**Problem to work on:**
The required output is every entry below, copied exactly.

**Recorded data:**
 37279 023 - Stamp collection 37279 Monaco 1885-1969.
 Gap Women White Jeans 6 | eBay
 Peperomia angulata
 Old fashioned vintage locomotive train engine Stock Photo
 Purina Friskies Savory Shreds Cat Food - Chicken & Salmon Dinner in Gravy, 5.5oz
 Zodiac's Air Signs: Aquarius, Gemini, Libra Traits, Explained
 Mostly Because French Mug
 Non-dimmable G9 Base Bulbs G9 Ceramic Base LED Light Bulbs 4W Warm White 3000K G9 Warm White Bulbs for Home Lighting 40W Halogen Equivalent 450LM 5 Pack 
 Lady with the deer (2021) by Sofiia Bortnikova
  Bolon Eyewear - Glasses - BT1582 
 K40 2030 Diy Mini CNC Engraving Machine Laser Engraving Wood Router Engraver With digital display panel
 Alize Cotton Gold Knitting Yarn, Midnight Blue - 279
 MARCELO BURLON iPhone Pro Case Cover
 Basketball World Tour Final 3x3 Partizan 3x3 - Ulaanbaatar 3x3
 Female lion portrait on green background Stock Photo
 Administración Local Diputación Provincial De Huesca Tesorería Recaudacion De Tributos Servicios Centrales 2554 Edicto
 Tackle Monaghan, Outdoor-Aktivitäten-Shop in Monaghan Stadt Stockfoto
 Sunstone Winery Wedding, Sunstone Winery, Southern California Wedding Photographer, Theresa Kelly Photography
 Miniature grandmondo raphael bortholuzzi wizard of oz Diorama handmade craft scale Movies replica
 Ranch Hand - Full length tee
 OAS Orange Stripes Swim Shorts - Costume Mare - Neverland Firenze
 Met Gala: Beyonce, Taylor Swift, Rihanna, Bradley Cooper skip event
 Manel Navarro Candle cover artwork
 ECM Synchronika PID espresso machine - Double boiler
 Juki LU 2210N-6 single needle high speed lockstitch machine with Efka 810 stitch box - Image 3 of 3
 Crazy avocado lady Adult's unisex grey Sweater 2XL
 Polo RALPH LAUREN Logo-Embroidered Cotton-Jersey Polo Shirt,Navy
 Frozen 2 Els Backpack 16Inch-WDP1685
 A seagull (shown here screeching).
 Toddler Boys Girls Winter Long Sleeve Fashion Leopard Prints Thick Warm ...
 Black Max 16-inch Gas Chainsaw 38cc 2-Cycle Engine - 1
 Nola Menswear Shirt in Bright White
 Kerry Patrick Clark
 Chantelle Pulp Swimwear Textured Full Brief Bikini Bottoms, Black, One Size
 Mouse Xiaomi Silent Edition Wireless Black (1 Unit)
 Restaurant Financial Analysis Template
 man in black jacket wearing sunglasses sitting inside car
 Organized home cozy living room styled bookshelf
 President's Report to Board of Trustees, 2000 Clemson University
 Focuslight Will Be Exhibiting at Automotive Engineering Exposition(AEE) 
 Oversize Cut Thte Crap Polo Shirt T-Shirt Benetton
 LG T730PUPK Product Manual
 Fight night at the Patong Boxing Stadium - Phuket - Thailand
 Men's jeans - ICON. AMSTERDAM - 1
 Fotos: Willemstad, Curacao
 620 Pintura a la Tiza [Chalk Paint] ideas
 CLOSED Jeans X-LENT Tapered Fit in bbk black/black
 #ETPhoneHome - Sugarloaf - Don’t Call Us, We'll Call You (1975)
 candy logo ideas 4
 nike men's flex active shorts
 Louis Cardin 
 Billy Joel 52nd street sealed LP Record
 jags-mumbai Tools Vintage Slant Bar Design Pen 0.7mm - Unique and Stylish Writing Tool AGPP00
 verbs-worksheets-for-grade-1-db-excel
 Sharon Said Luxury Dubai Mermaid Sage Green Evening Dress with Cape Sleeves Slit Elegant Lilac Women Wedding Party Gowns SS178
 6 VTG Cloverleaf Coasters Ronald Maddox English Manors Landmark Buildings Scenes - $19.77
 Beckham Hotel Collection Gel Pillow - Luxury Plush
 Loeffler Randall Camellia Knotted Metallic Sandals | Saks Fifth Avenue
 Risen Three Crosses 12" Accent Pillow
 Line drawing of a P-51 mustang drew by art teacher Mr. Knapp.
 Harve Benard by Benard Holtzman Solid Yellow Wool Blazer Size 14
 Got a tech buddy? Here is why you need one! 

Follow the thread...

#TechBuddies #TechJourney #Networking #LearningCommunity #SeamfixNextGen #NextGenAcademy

**Exercise result:**
 37279 023 - Stamp collection 37279 Monaco 1885-1969.
 Gap Women White Jeans 6 | eBay
 Peperomia angulata
 Old fashioned vintage locomotive train engine Stock Photo
 Purina Friskies Savory Shreds Cat Food - Chicken & Salmon Dinner in Gravy, 5.5oz
 Zodiac's Air Signs: Aquarius, Gemini, Libra Traits, Explained
 Mostly Because French Mug
 Non-dimmable G9 Base Bulbs G9 Ceramic Base LED Light Bulbs 4W Warm White 3000K G9 Warm White Bulbs for Home Lighting 40W Halogen Equivalent 450LM 5 Pack 
 Lady with the deer (2021) by Sofiia Bortnikova
  Bolon Eyewear - Glasses - BT1582 
 K40 2030 Diy Mini CNC Engraving Machine Laser Engraving Wood Router Engraver With digital display panel
 Alize Cotton Gold Knitting Yarn, Midnight Blue - 279
 MARCELO BURLON iPhone Pro Case Cover
 Basketball World Tour Final 3x3 Partizan 3x3 - Ulaanbaatar 3x3
 Female lion portrait on green background Stock Photo
 Administración Local Diputación Provincial De Huesca Tesorería Recaudacion De Tributos Servicios Centrales 2554 Edicto
 Tackle Monaghan, Outdoor-Aktivitäten-Shop in Monaghan Stadt Stockfoto
 Sunstone Winery Wedding, Sunstone Winery, Southern California Wedding Photographer, Theresa Kelly Photography
 Miniature grandmondo raphael bortholuzzi wizard of oz Diorama handmade craft scale Movies replica
 Ranch Hand - Full length tee
 OAS Orange Stripes Swim Shorts - Costume Mare - Neverland Firenze
 Met Gala: Beyonce, Taylor Swift, Rihanna, Bradley Cooper skip event
 Manel Navarro Candle cover artwork
 ECM Synchronika PID espresso machine - Double boiler
 Juki LU 2210N-6 single needle high speed lockstitch machine with Efka 810 stitch box - Image 3 of 3
 Crazy avocado lady Adult's unisex grey Sweater 2XL
 Polo RALPH LAUREN Logo-Embroidered Cotton-Jersey Polo Shirt,Navy
 Frozen 2 Els Backpack 16Inch-WDP1685
 A seagull (shown here screeching).
 Toddler Boys Girls Winter Long Sleeve Fashion Leopard Prints Thick Warm ...
 Black Max 16-inch Gas Chainsaw 38cc 2-Cycle Engine - 1
 Nola Menswear Shirt in Bright White
 Kerry Patrick Clark
 Chantelle Pulp Swimwear Textured Full Brief Bikini Bottoms, Black, One Size
 Mouse Xiaomi Silent Edition Wireless Black (1 Unit)
 Restaurant Financial Analysis Template
 man in black jacket wearing sunglasses sitting inside car
 Organized home cozy living room styled bookshelf
 President's Report to Board of Trustees, 2000 Clemson University
 Focuslight Will Be Exhibiting at Automotive Engineering Exposition(AEE) 
 Oversize Cut Thte Crap Polo Shirt T-Shirt Benetton
 LG T730PUPK Product Manual
 Fight night at the Patong Boxing Stadium - Phuket - Thailand
 Men's jeans - ICON. AMSTERDAM - 1
 Fotos: Willemstad, Curacao
 620 Pintura a la Tiza [Chalk Paint] ideas
 CLOSED Jeans X-LENT Tapered Fit in bbk black/black
 #ETPhoneHome - Sugarloaf - Don’t Call Us, We'll Call You (1975)
 candy logo ideas 4
 nike men's flex active shorts
 Louis Cardin 
 Billy Joel 52nd street sealed LP Record
 jags-mumbai Tools Vintage Slant Bar Design Pen 0.7mm - Unique and Stylish Writing Tool AGPP00
 verbs-worksheets-for-grade-1-db-excel
 Sharon Said Luxury Dubai Mermaid Sage Green Evening Dress with Cape Sleeves Slit Elegant Lilac Women Wedding Party Gowns SS178
 6 VTG Cloverleaf Coasters Ronald Maddox English Manors Landmark Buildings Scenes - $19.77
 Beckham Hotel Collection Gel Pillow - Luxury Plush
 Loeffler Randall Camellia Knotted Metallic Sandals | Saks Fifth Avenue
 Risen Three Crosses 12" Accent Pillow
 Line drawing of a P-51 mustang drew by art teacher Mr. Knapp.
 Harve Benard by Benard Holtzman Solid Yellow Wool Blazer Size 14
 Got a tech buddy? Here is why you need one! 

Follow the thread...

#TechBuddies #TechJourney #Networking #LearningCommunity #SeamfixNextGen #NextGenAcademy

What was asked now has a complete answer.